Haeckel also taught that nature is the source of all truth and our sole guide for human behavior. He despised Christian revelation as an abominable myth that distracts from real source of truth, which is nature itself. “Truth unadulterated is only to be found in the temple of the study of nature, and…the goddess of truth dwells in the temple of nature, in the green woods, on the blue sea, and on the snowy summits of the hills – not in the gloom of the cloister…nor in the clouds of incense of our Christian churches…The paths which lead to the noble divinity of truth and knowledge are the loving study of nature and its laws…not senseless ceremonies and unthinking prayers.”3

Human society, he taught, should be demolished and reorganized in accordance with the rules established in the natural world. All those social institutions, traditions, and religions that separate man from the natural world must be abolished.

The Spread of Haeckel’s Ideas

Haeckel’s ideas about ecology spread rapidly in the late nineteenth and well into the twentieth centuries. Charles Darwin, Konrad Lorenz, Alexander von Humbolt, and Carl Ritter in Europe and Henry David Thoreau, John Muir, Aldo Leopold, Rachel Carson, and David Brower in America all contributed to or further developed the ideas of Haeckel and Monism, among many others. Not surprisingly, these men and women were all socialists or very left-wing.

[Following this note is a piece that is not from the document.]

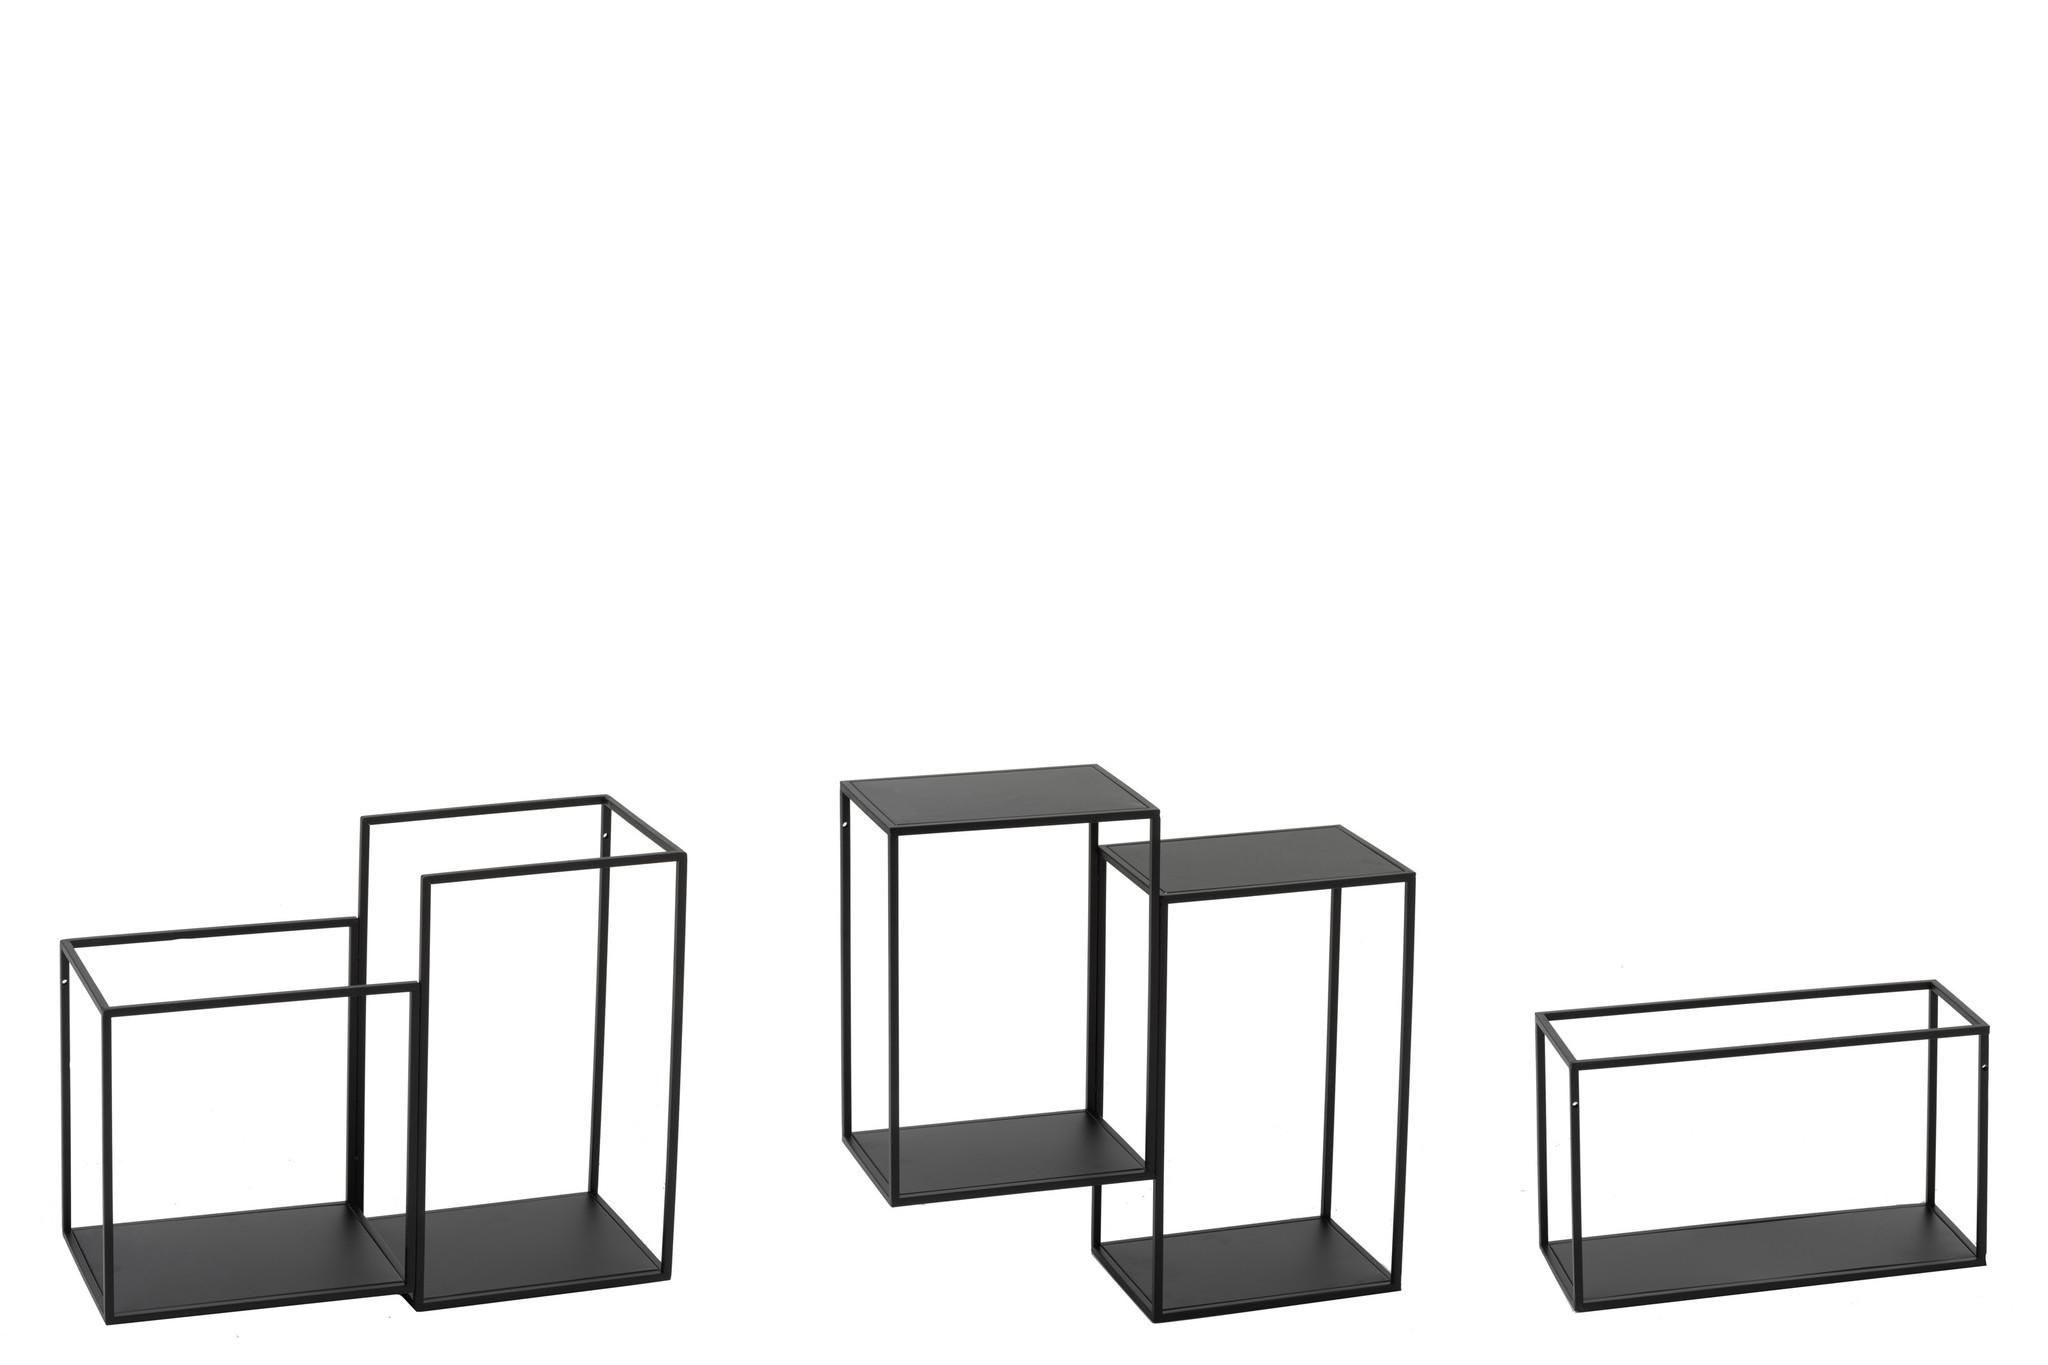 J-line wandrek industrieel modulair zwart metaal - 3 delen-96980-5415203969804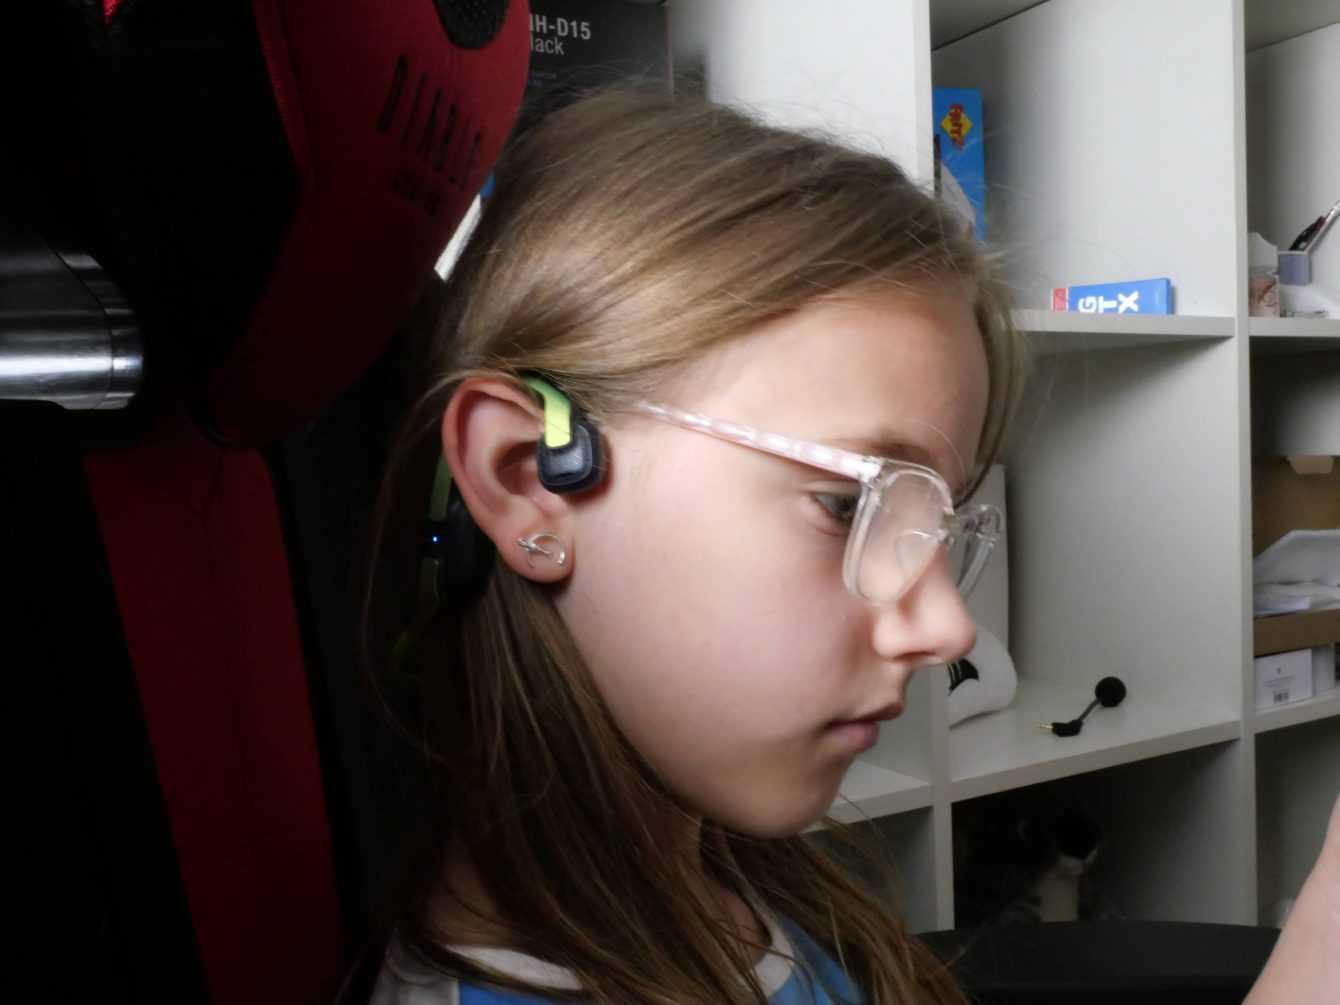 Recensione Imoo Ear-care Headset: le cuffie perfette per il tuo bambino?

German philosopher Arthur Schopenhauer spoke for many when he wrote in 1890 that “the fundamental error of Christianity [is]…the unnatural distinction Christianity makes between man and the animal world to which he really belongs. It sets up man as all-important, and looks upon animals as merely things.”

Deep Ecology

The ideas of Monism and ecology were taken even further by so-called “deep ecology.” Developed by Norwegian philosopher Arne Naess in the sixties and seventies and popularized by American philosopher George Sessions, it forms the basis for nearly all ecological thought today.

Deep ecology takes the radically egalitarian ideas of Monism even farther. It considers all non-human life, from animals to single-celled organisms, to have equal value to man and a final purpose not for man, but for themselves. A dog, a river, a snake, a fly, a microbe, a mountain, and a baby all have equal value. Therefore, the Earth does not exist to serve man, but rather has an end in itself.

Its followers detest what they call the “Christian arrogance towards nature.”4 It was the Catholic Church that taught Western man to use nature for his own selfish ends and not live in communion with it in perfect equality, like the Buddhists or American Indians. Deep ecologist Chellis Glendinning even compares the effects of our modern civilization to the Catholic dogma of Original Sin, calling it “Original Trauma,” supposedly the cause of widespread psychological and emotional disorders.5

Human Beings Not Superior to Plants or Animals

American deep ecologist Gary Snyder writes that when human beings consider themselves superior to plants and animals, “we are ignorant of our own nature and confused about what it means to be a human being. This confusion stems from judging ourselves independent from and superior to other forms of life rather than accepting equal membership in the seemingly chaotic and totally interdependent world of wildness.”6

Deep ecologists hate Western civilization for its role in establishing a hierarchy of man over nature. Thomas Berry, an American Passionist priest and self-described “geologian,” describes contemporary human civilization as a form of “patriarchy” that is oppressing the natural world. For him there are four basic patriarchal oppressions that must be destroyed: rulers over people, men over women, possessors over non-possessors, and humans over nature.7

This egalitarianism extends so far that deep ecologist Jack Turner wrote that we must “see [ourselves] as food” for other animals just as they are food for you. Humans must “take up residence” in the biological order without any privileges above other animals, “to be in harmony with Gaia.” If human’s needs come into conflict with those of non-humans, the humans should defer to the latter.8

“Core Democracy of the Biosphere”

Arne Naess admitted that society must change its attitudes towards the Earth and submit to what he called the “core democracy of the biosphere,” that is, of the radically egalitarian ideology of deep ecology. If not, he admitted that we will “need a dictatorship to save what is left of the diversity of life forms…A ‘smooth’ way, involving harmonious living with nature, or a ‘rough’ way, involving a dictatorship and coercion—those are the options.”9 “The longer we wait to make the necessary changes, the more drastic will be the measures needed.”10

Deep ecologists have an enthusiasm for communal living and a rejection of private property. Gary Snyder wrote that “the complication of possessions, the notions of ‘my and mine,’ stand between us and a true, clear, liberated way of seeing the world.”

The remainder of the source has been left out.